The aims of this study were to evaluate and contrast the physical attributes that are associated with self-reported vs. observed ability to walk 400 m among older adults.

DESIGN:

Analysis of baseline and 3-yr data from 1026 participants 65 yrs or older in the InCHIANTI (Invecchiare in Chianti) study was conducted. Observed and self-reported ability to walk 400 m at baseline and at 3 yrs were primary outcomes.
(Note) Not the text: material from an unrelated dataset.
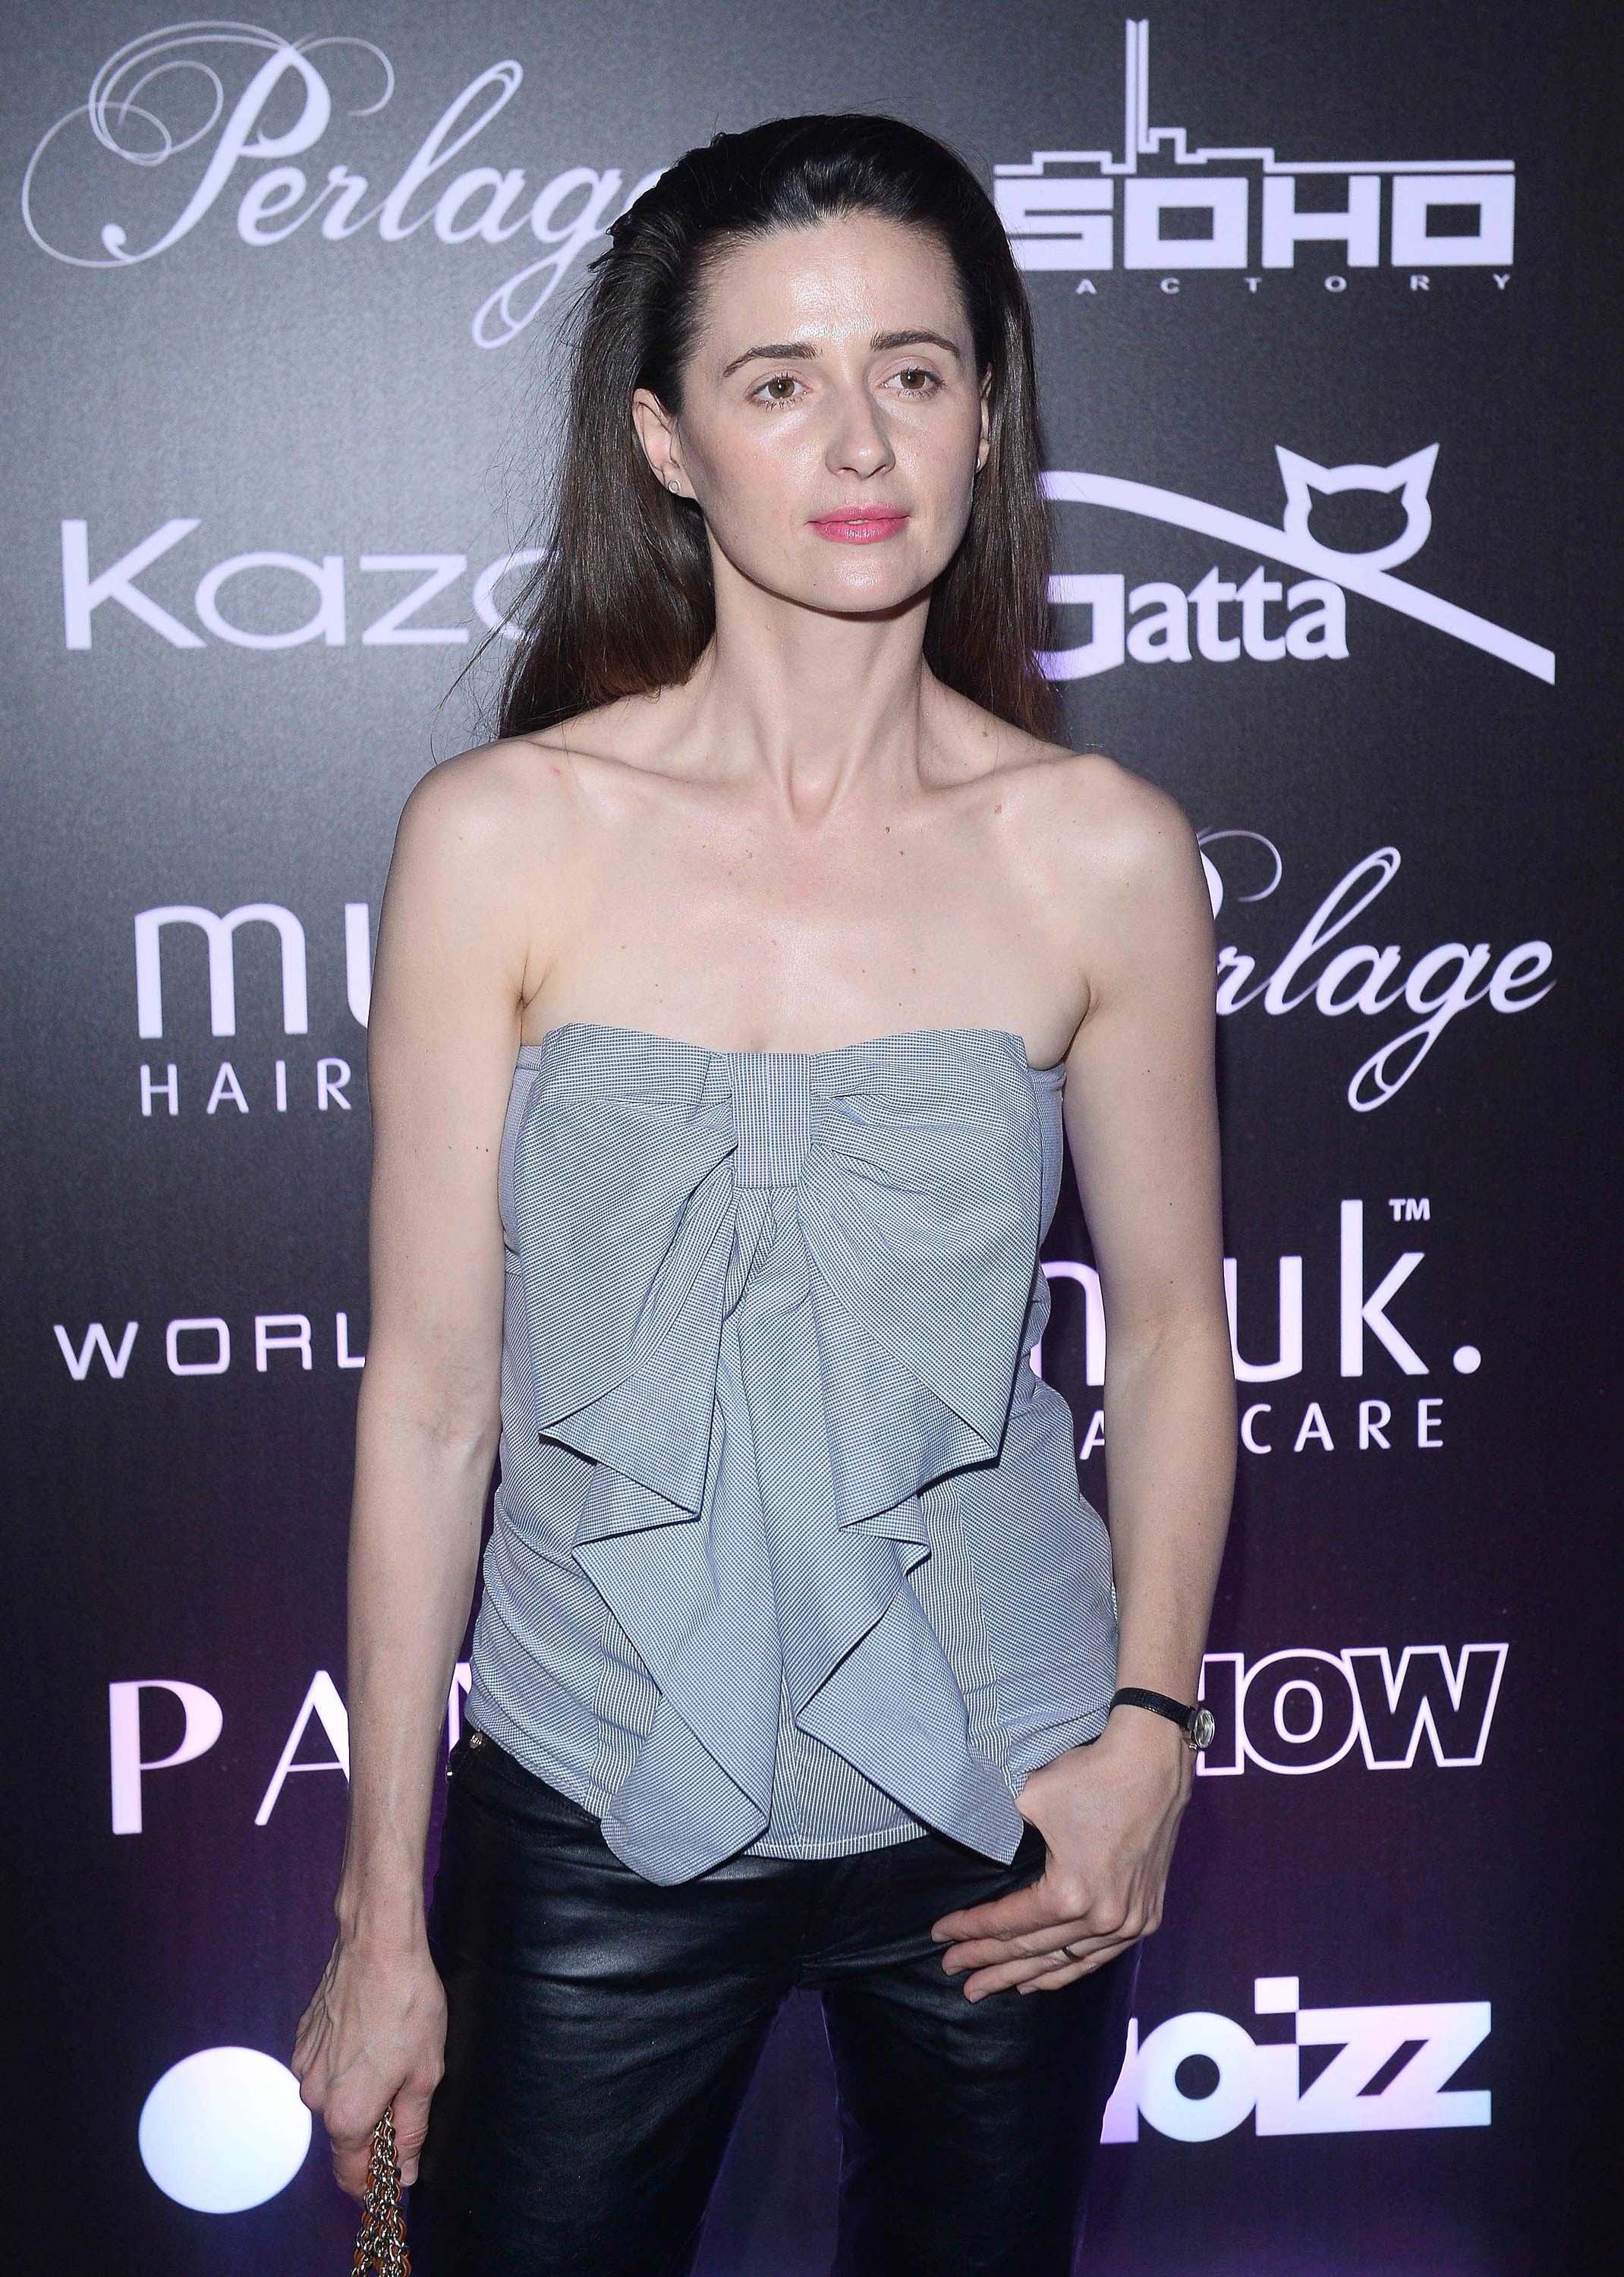 Agnieszka Grochowska attends the Pokaz Roberta Kupisza Fashion Show

Predictors included leg speed, leg strength, leg strength symmetry, range of motion, balance, and kyphosis.

RESULTS:

Balance, leg speed, leg strength, kyphosis, leg strength symmetry, and knee range of motion were associated with self-reported ability to walk 400 m at baseline (P < 0.001, c = 0.85). Balance, leg speed, and knee range of motion were associated with observed 400-m walk (P < 0.001, c = 0.85) at baseline. Prospectively, baseline leg speed and leg strength were predictive of both self-reported (P < 0.001, c = 0.79) and observed (P < 0.001, c = 0.72) ability to walk 400 m at 3 yrs.

CONCLUSIONS:

The profiles of attributes that are associated with self-reported vs. observed walking ability differ. The factor most consistently associated with current and future walking ability is leg speed. These results draw attention to important foci for rehabilitation.